Another key plank of the multipronged proposal is to empower the commissioner to take down doxxing content from social media platforms, and require platforms to hand over names and IP addresses of the doxxers.

Choy said this should only be done with a court warrant to allow judicial oversight in line with other criminal statutes, and feared a “chilling effect” on online debate.

“A public official in the course of the execution of duties should not have a high expectation of privacy, as a photo of him misbehaving or abusing his powers may be conducive to scrutiny and online discussions of public issues,” he said.

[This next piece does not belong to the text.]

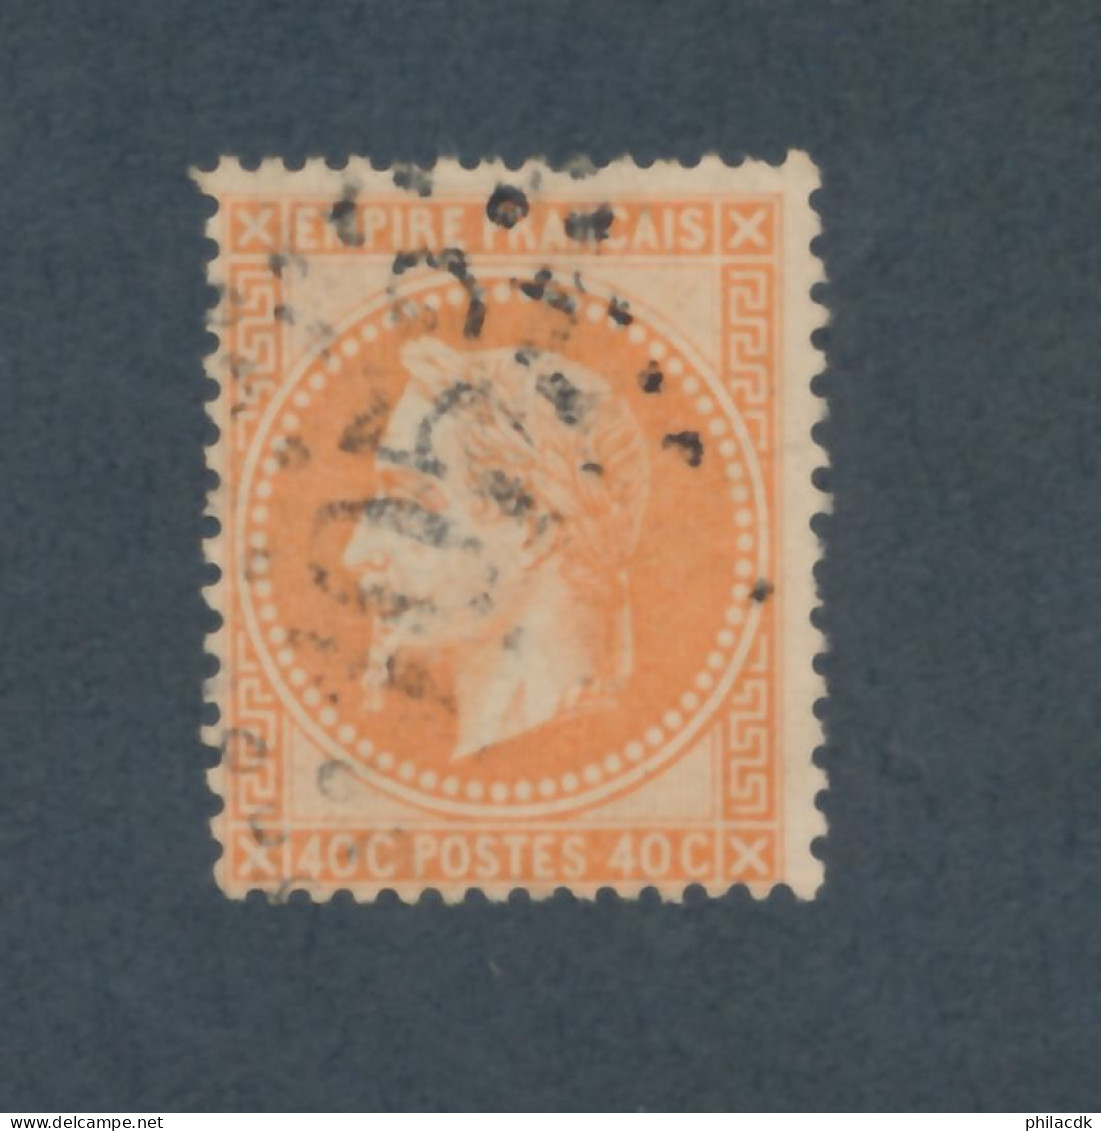 FRANCE - N° 31 OBLITERE AVEC GC 1053 CLERMONT FERRAND - COTE : 25€ - 1868 - 1863-1870 Napoléon III Lauré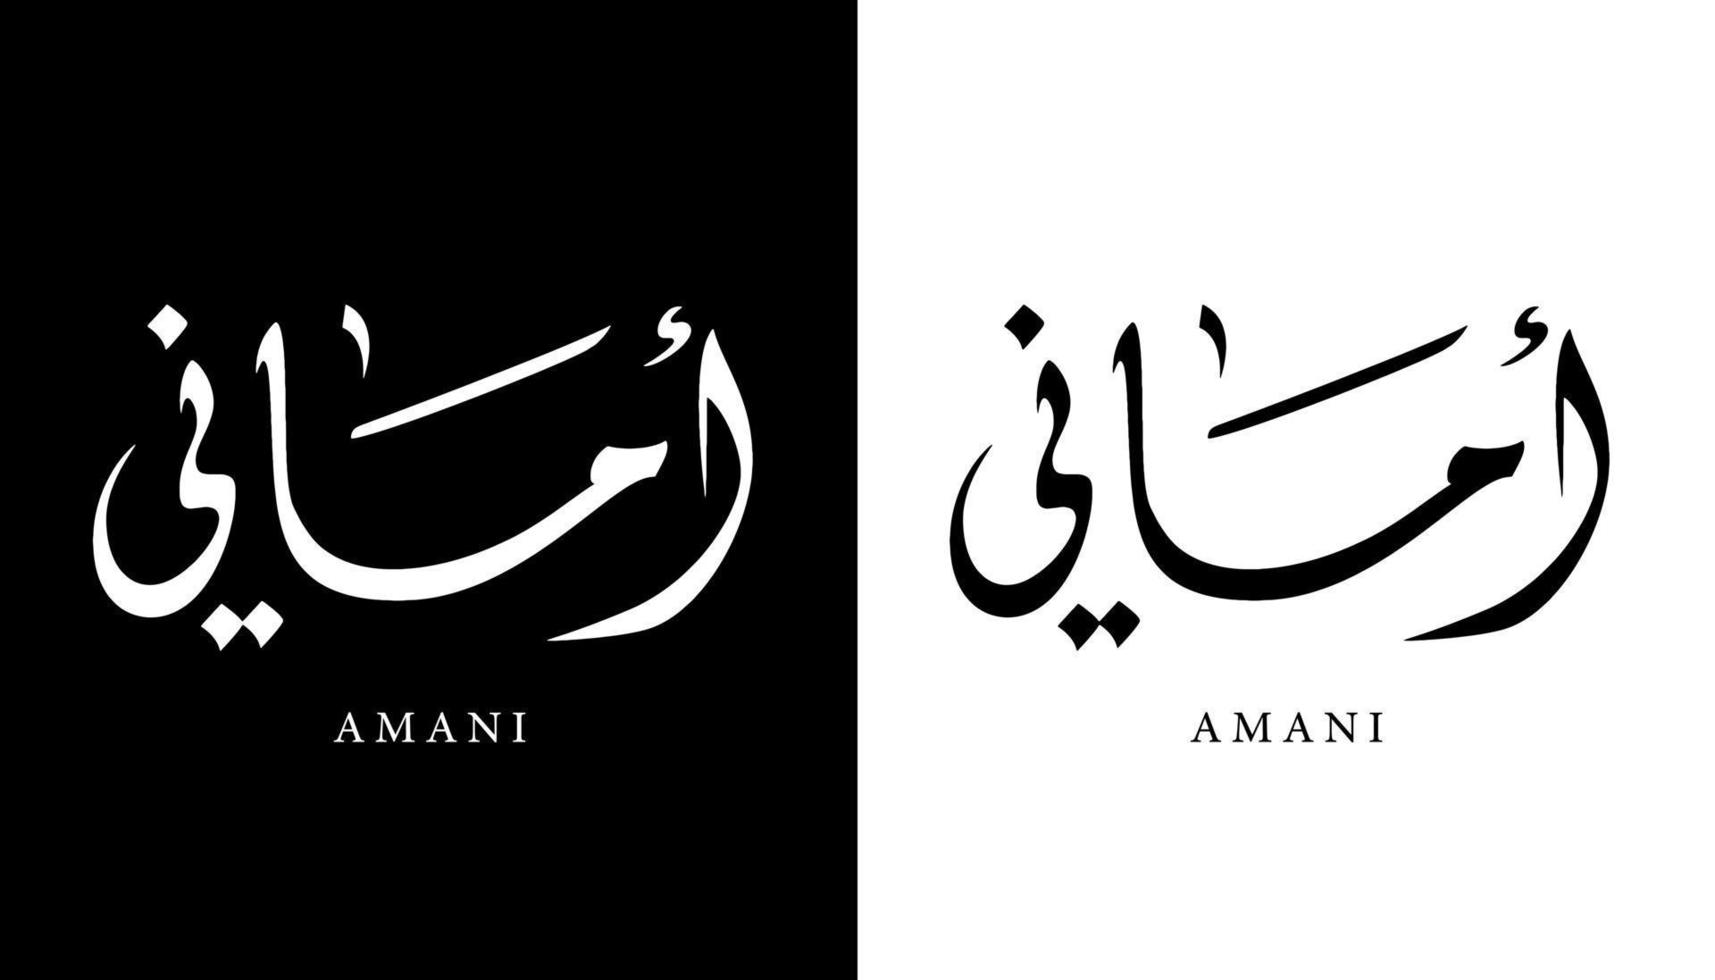 arabisk kalligrafi namn översatt 'amani' arabiska bokstäver alfabet teckensnitt bokstäver islamisk logotyp vektorillustration vektor

Hargreaves agreed a delicate balance must be struck. “It would be a problem, for instance, if anti-doxxing laws were used to punish individuals who revealed the information about the secretary of justice’s illegal structures.

“But if a law can be tailored so that it only catches genuinely harmful doxxing behaviour, then in principle it is something to support.”

The watchdog also proposed a new power to give legal help to doxxing victims to get an interim court injunction to limit harm done to them.

Court grants interim injunction to ban doxxing of police officers

Principal lecturer Eric Cheung Tat-ming, from the University of Hong Kong’s faculty of law, said while the civil remedy would need less time to remove doxxing posts and deter reposting than criminal investigations, court injunctions would pose problems too.

He cited the recent injunction obtained by the Junior Police Officers’ Association that banned unauthorised disclosure of officers and their family members’ information.

“Interim injunctions are applications made by one party that do not involve counterarguments made by defendants,” he said. “They also allow judges to make big legal changes and therefore skip normal scrutiny by lawmakers.”

The privacy commissioner, Stephen Wong Kai-yi, said he had told the government in June last year that the ordinance should be reformed to vest “comprehensive criminal investigation and prosecution powers” in him.